### GIVEN DATA

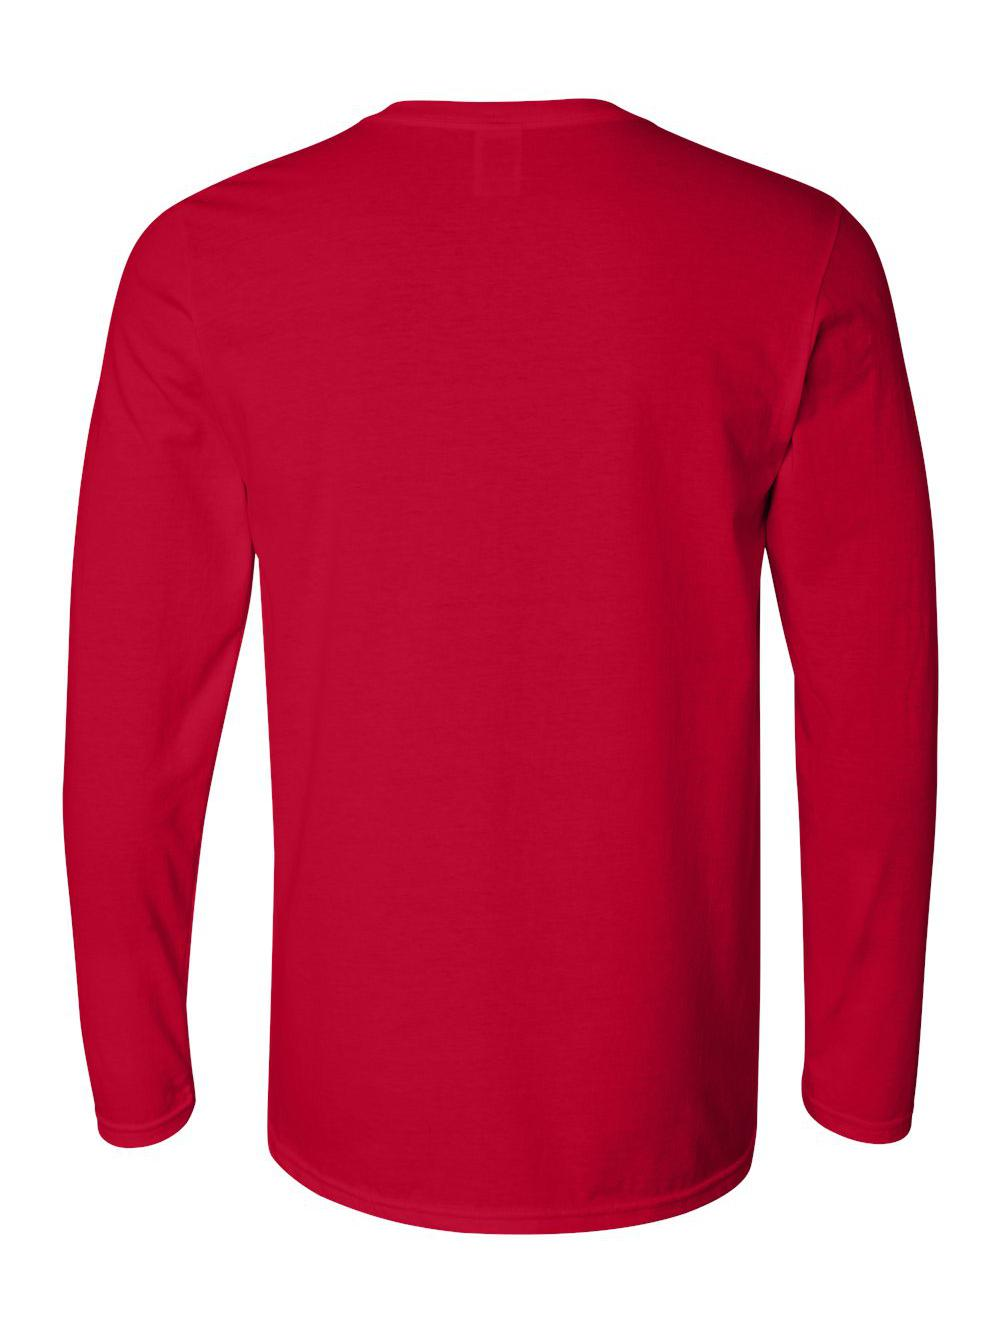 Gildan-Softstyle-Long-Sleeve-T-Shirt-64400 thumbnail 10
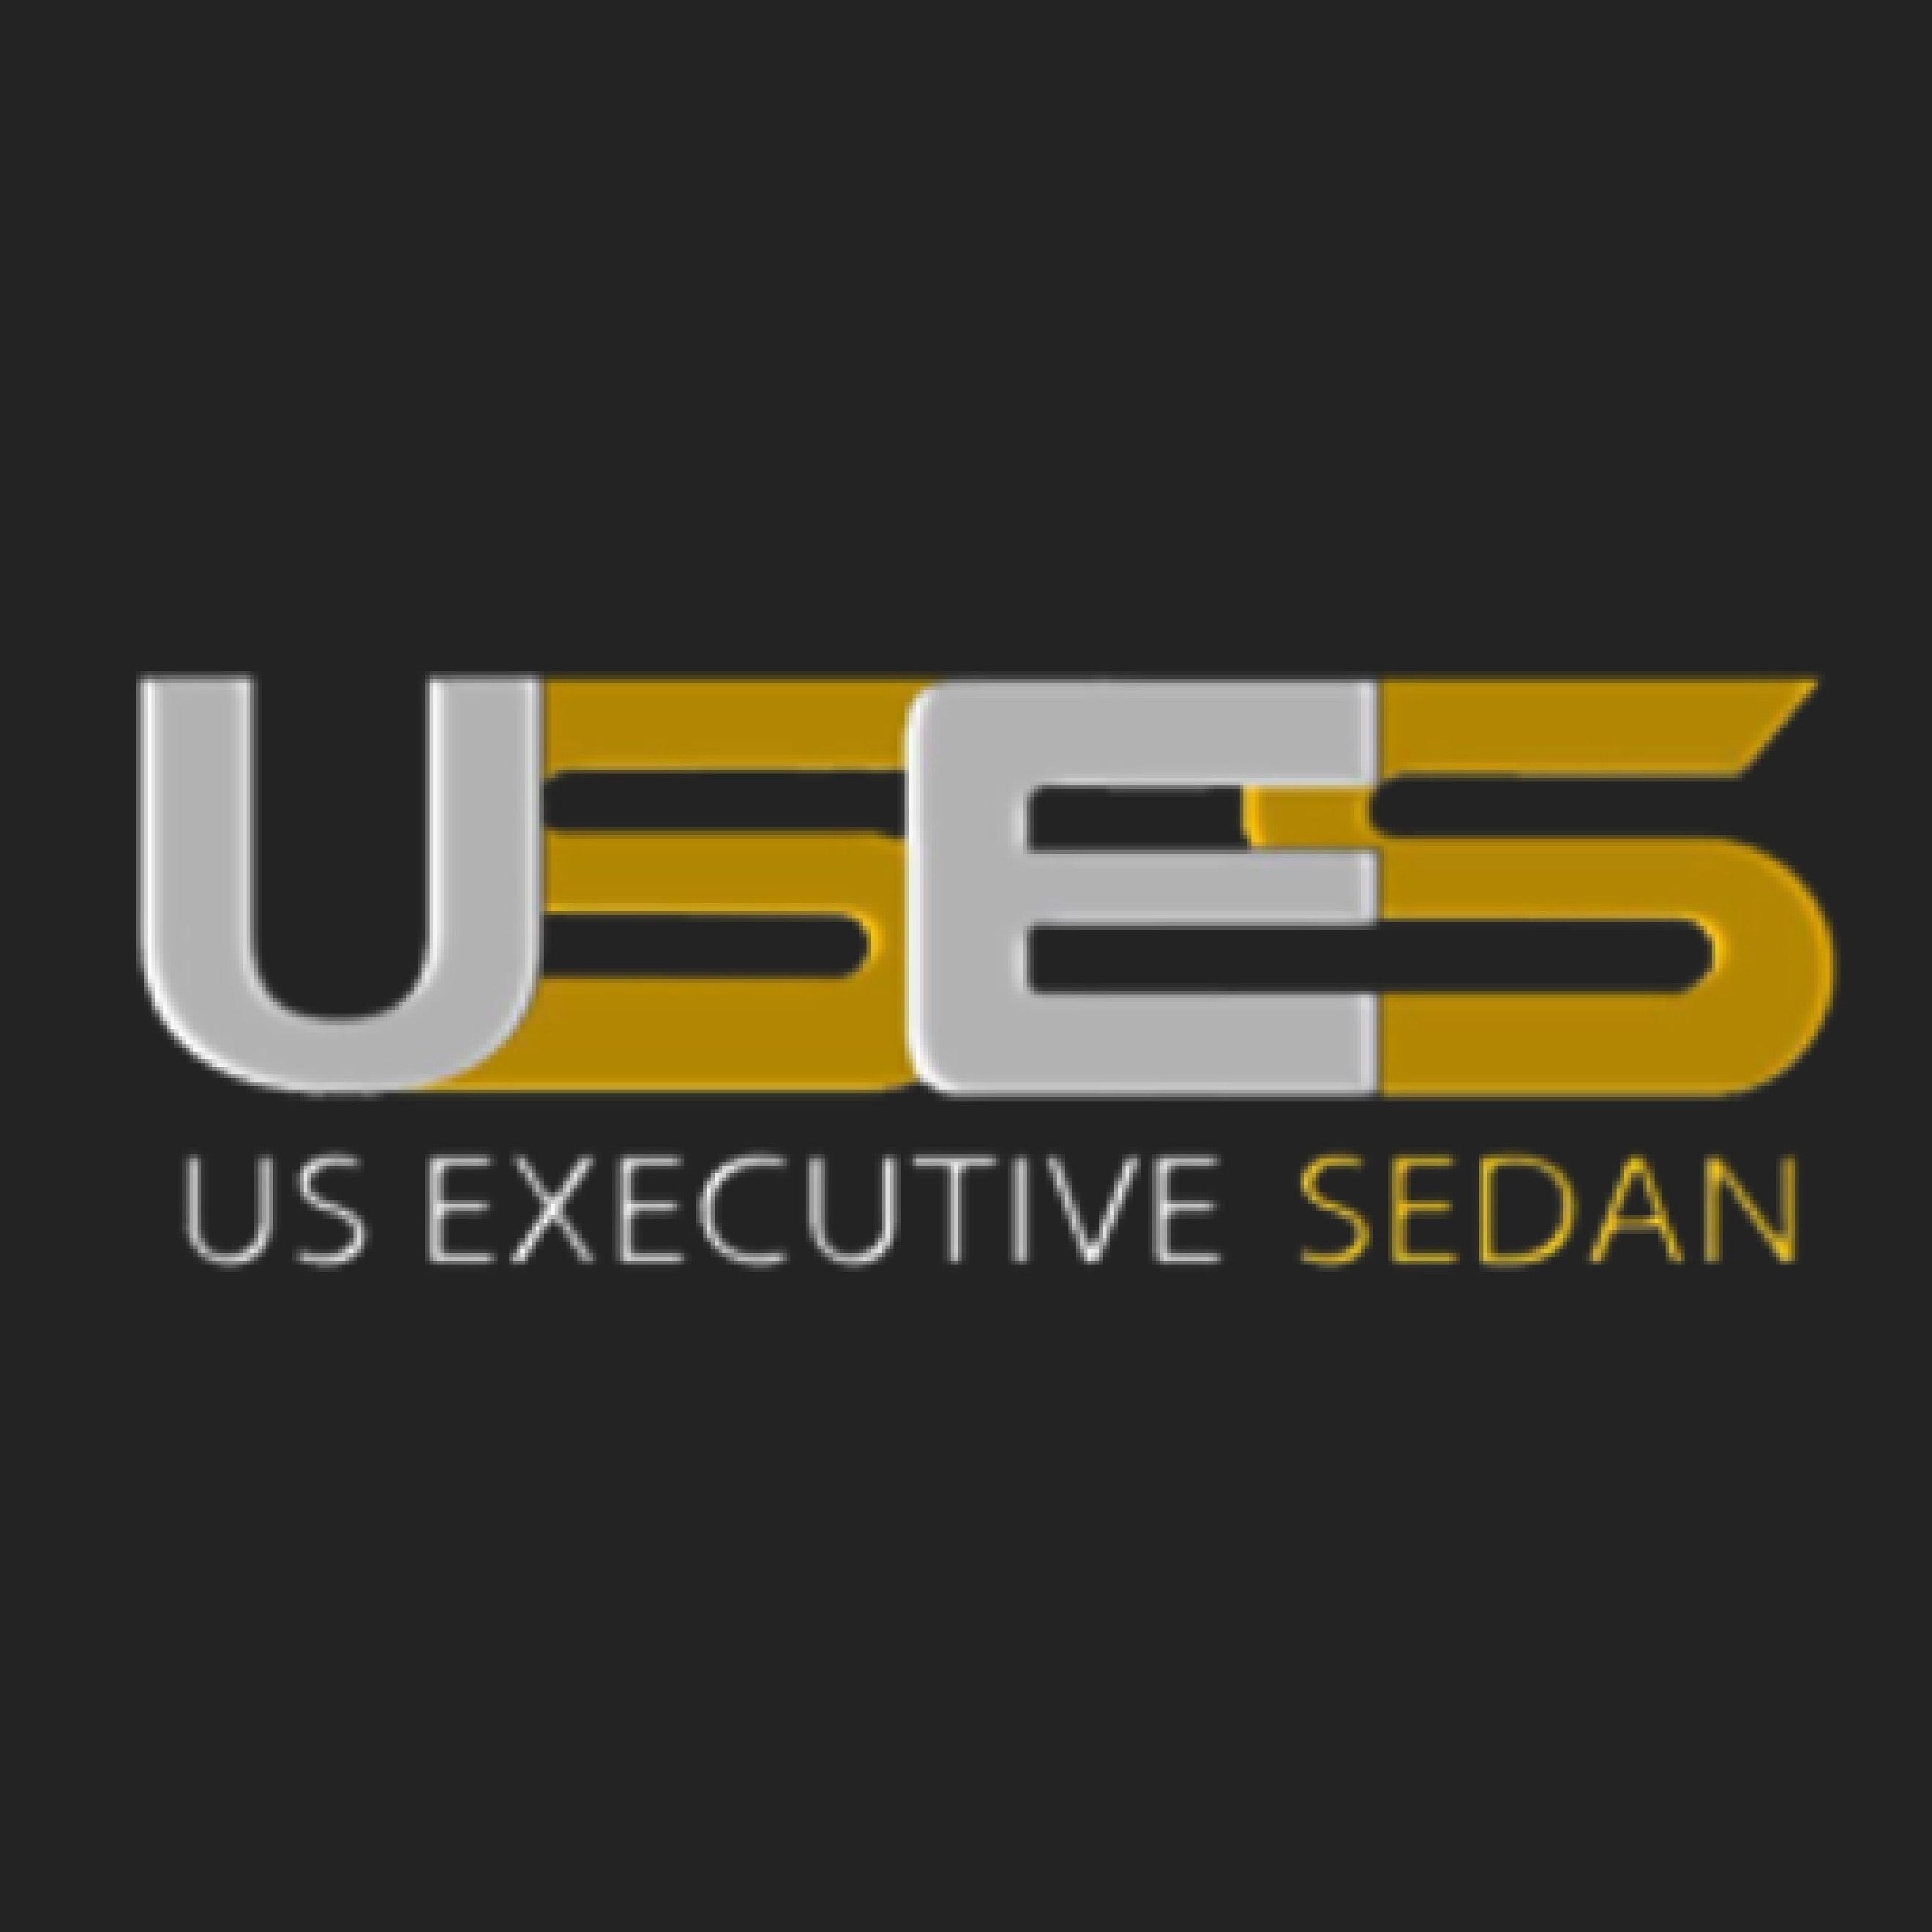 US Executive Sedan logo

* * *

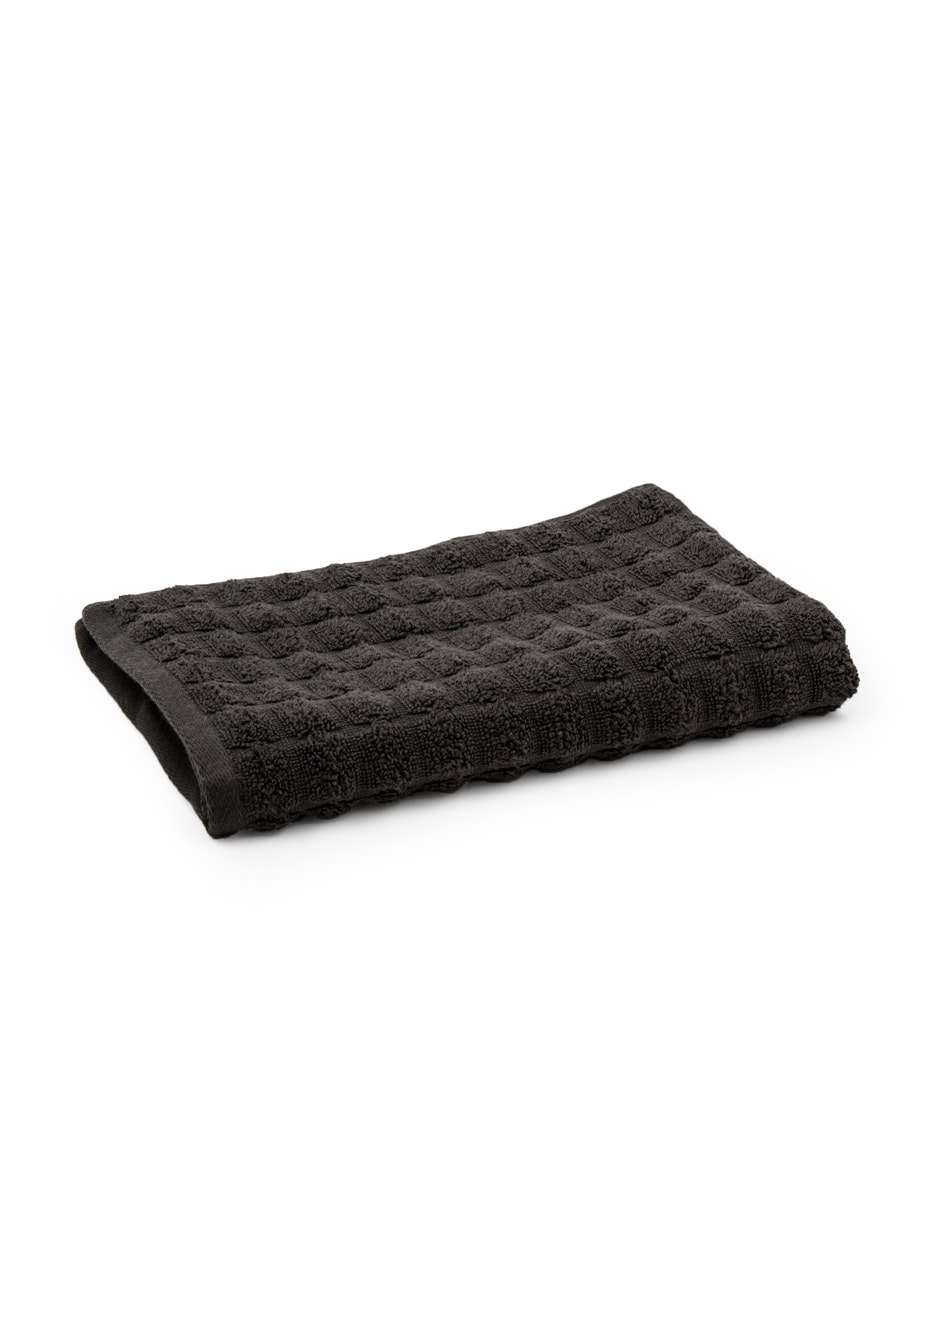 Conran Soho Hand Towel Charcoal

---

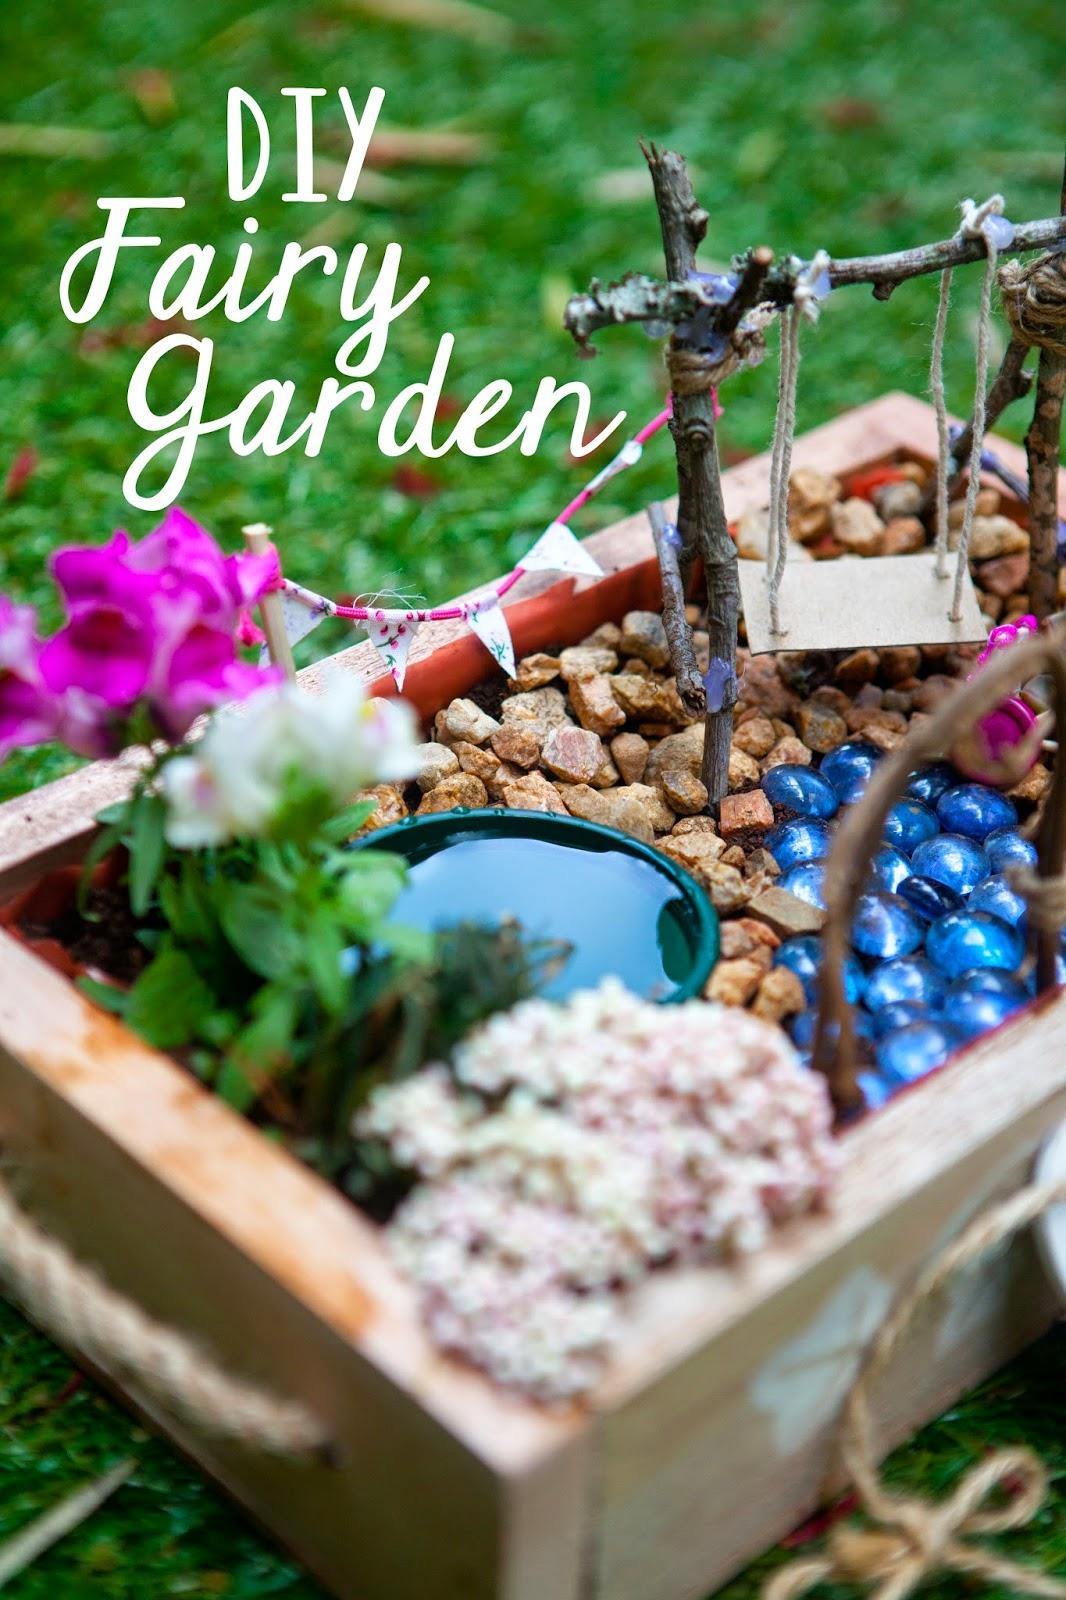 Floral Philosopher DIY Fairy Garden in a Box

### ACTION ITEM
Copy only what runs above from the line containing "Gildan-Softstyle-Long-Sleeve-T-Shirt-64400 thumbnail 10" through the line containing "US Executive Sedan logo", exactly. Leave out the pictures.

### ANSWER SECTION
 Gildan-Softstyle-Long-Sleeve-T-Shirt-64400 thumbnail 10
 US Executive Sedan logo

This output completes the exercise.